O discurso edulcorado sobre as virtudes de São Paulo é pródigo em criar as expressões que povoam a mentalidade do paulistano médio e acalentam suas ilusões de grandeza: locomotiva do país, cidade cosmopolita, cidade que nunca dorme. Com elas, vêm as outras certezas que servem apenas para preencher uma existência vazia: aqui estão as melhores opções gastronômicas (quiçá do mundo) e o mais rico acervo arquitetônico do país; aqui (aos que se dispõem a trabalhar, frise-se), não faltam oportunidades.

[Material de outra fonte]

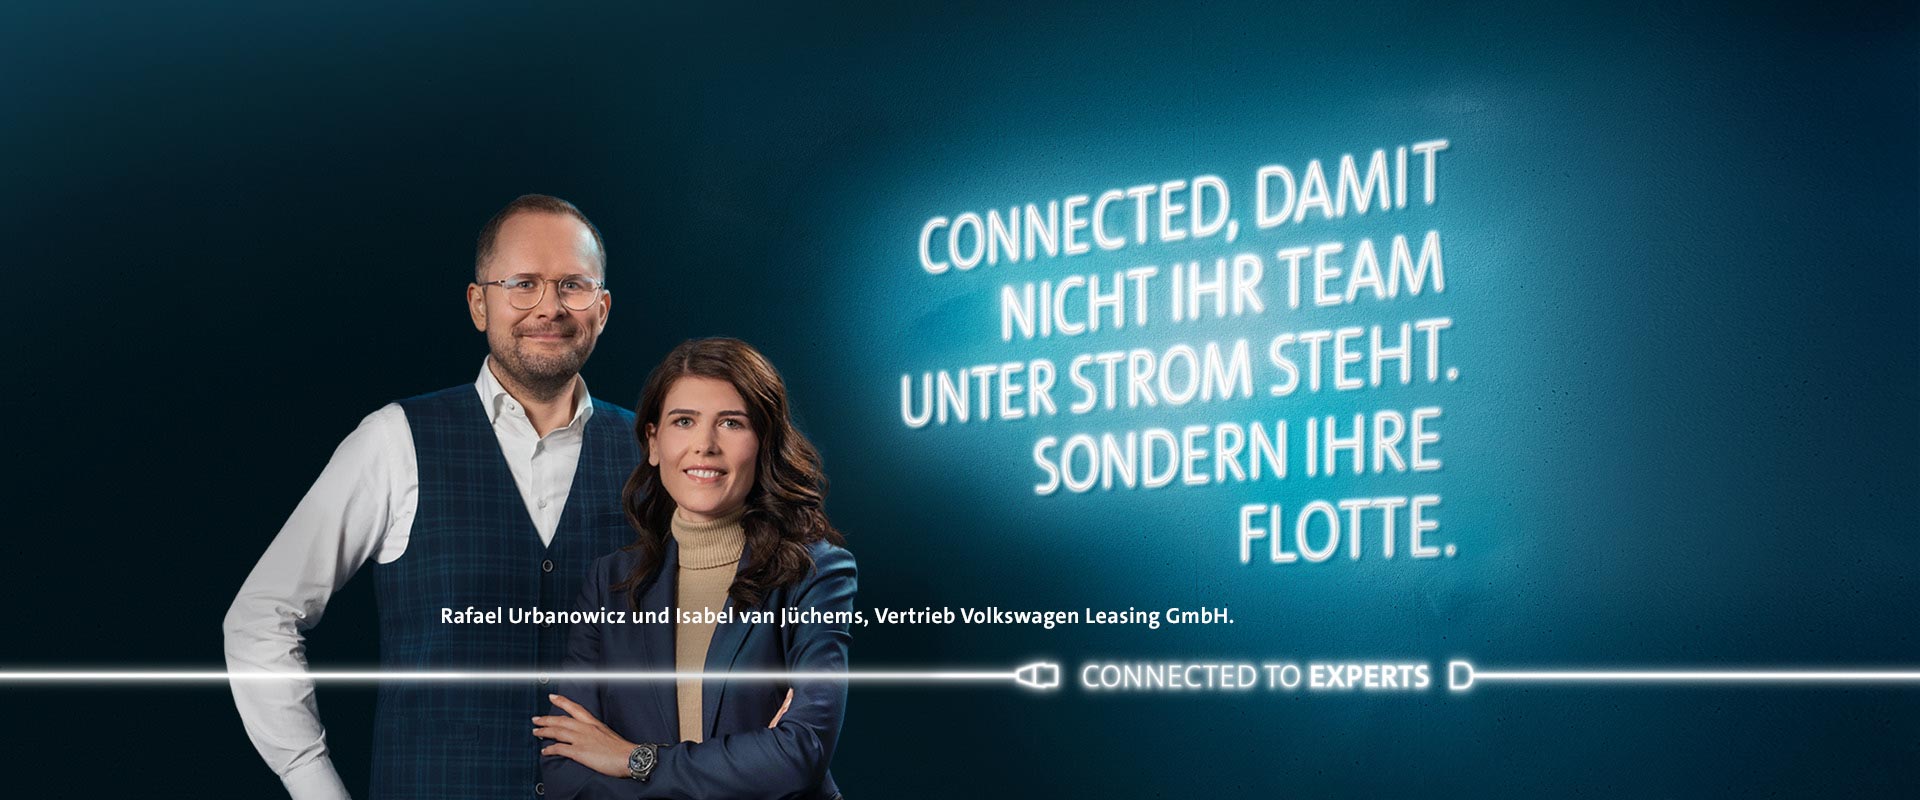 Rafael Urbanowicz und Isabel van Jüchems, Vertrieb Volkswagen Leasing GmbH.

Non dvcor, dvco (“não sou conduzida, conduzo”). A alegoria extraída do latim para designar um protagonismo está eternizada no brasão paulistano logo abaixo de uma mão encoberta por armadura, e simboliza um desejo imanente de afirmação de poder, entre outros, perante um país que o oprime desde derrota do movimento revolucionário de 1932.
Cidade sensível?
É nesse contexto que se descortina a problemática integração social na capital paulista. O metrô, símbolo da dinamização (incompleta) da mobilidade urbana numa modernidade que se afirma na pré-modernidade que marca outras metrópoles brasileiras, é o locus privilegiado para o observador verificar as contradições. Lá, todas as manhãs, convivem os novos excluídos da megalópole: o jovem trabalhador, sonolento depois de rasgar as bordas da cidade até a estação mais próxima, que se anestesia com a música alta sintonizada num smartphone; a mãe que se esforça em proteger os ouvidos do rebento do barulho ensurdecedor das composições; o homem calvo, com espírito empreendedor e habilidade para trabalhar em equipe, que, imbuído da confiança que seu terno risca de giz provoca, abre mão de sua condição de espoliado para se afirmar como “colaborador” de uma grande corporação. Todos marcados pelos pequenos perrengues do dia-a-dia e por massacrantes processos de violência simbólica. Tudo no mesmo espaço em que há a sagração do sonho de ascensão social (material?) para todos, pela propaganda de uma grande S/A do ensino que afirma poder transformar motoristas de ônibus em gerentes de viação.
Cidade sensível?
A casa do paulistano é, para além de santuário da família (e de todo o entulho autoritário que a permeia, mas que, porque privada, é imune a qualquer intervenção pública, como se lê na História da Vida Privada de Philippe Ariès e Georges Duby), a concretização de seus sonhos e vississitudes. Sobram eletrodomésticos, sobretudo aqueles que mimetizam o andar de cima, faltam livros. A localização importa pouco, bastando estar próxima ao metrô. A “varanda gourmet”- ou o que disso se aproxima – é desejável, assim como as numerosas vagas de garagem, necessárias para os dias de rodízio no trânsito. A profusão de termos anglófonos é igualmente importante: beauty center e baby room, dog walker, car wash, home theather, fitness room, game station, lan house. Tudo o que poderia ser encontrado nas ruas, se essas não fossem o espaço privilegiado da degradação e da subversão, nas palavras de Lúcio Kowarick. Tudo o que a vida em comunidade ofereceria ao homem comum, não fosse a necessidade de fazer disso um elemento diferenciador e uma compensação à vida vazia de seus habitantes.
Pouco importa a especulação imobiliária que empurra os mais pobres para a mais longe. Cidade sensível?
Jane Jacobs afirma que “as cidades grandes são geradoras naturais de diversidade e fecundas incubadoras de novos empreendimentos e ideias de toda espécie (2009, p. 159)”, mas não pode desconhecer que por trás dessa vocação da grande cidade para a inovação existe o antecedente do saneamento social, que, ao eliminar (em parte) o flagelo da habitação inadequada – que ainda existe inclusive quanto à ausência de regularização fundiária – põe a arquitetura e o urbanismo a serviço da neutralização dos conflitos sociais. E não há livraria – que confere uso renovado ao prédio antigo – que faça compensar isso!
Cidade sensível?
São Paulo ainda parece alheia ao debate entre o Apolo da arquitetura-total, da “casa como máquina de morar”de Le Corbusier, e o Dionísio/Pan de Frank Lloyd Wight do saudosismo da integração homem-natureza. Mas que não deixa de dar razão a Vilanova Artigas, quando este denunciava, nos idos dos anos 50, sua vocação para o simulacro de boa arquitetura (importada). E se está alheia a esse debate, o que dizer das relações sociais desenvolvidas no seu interior?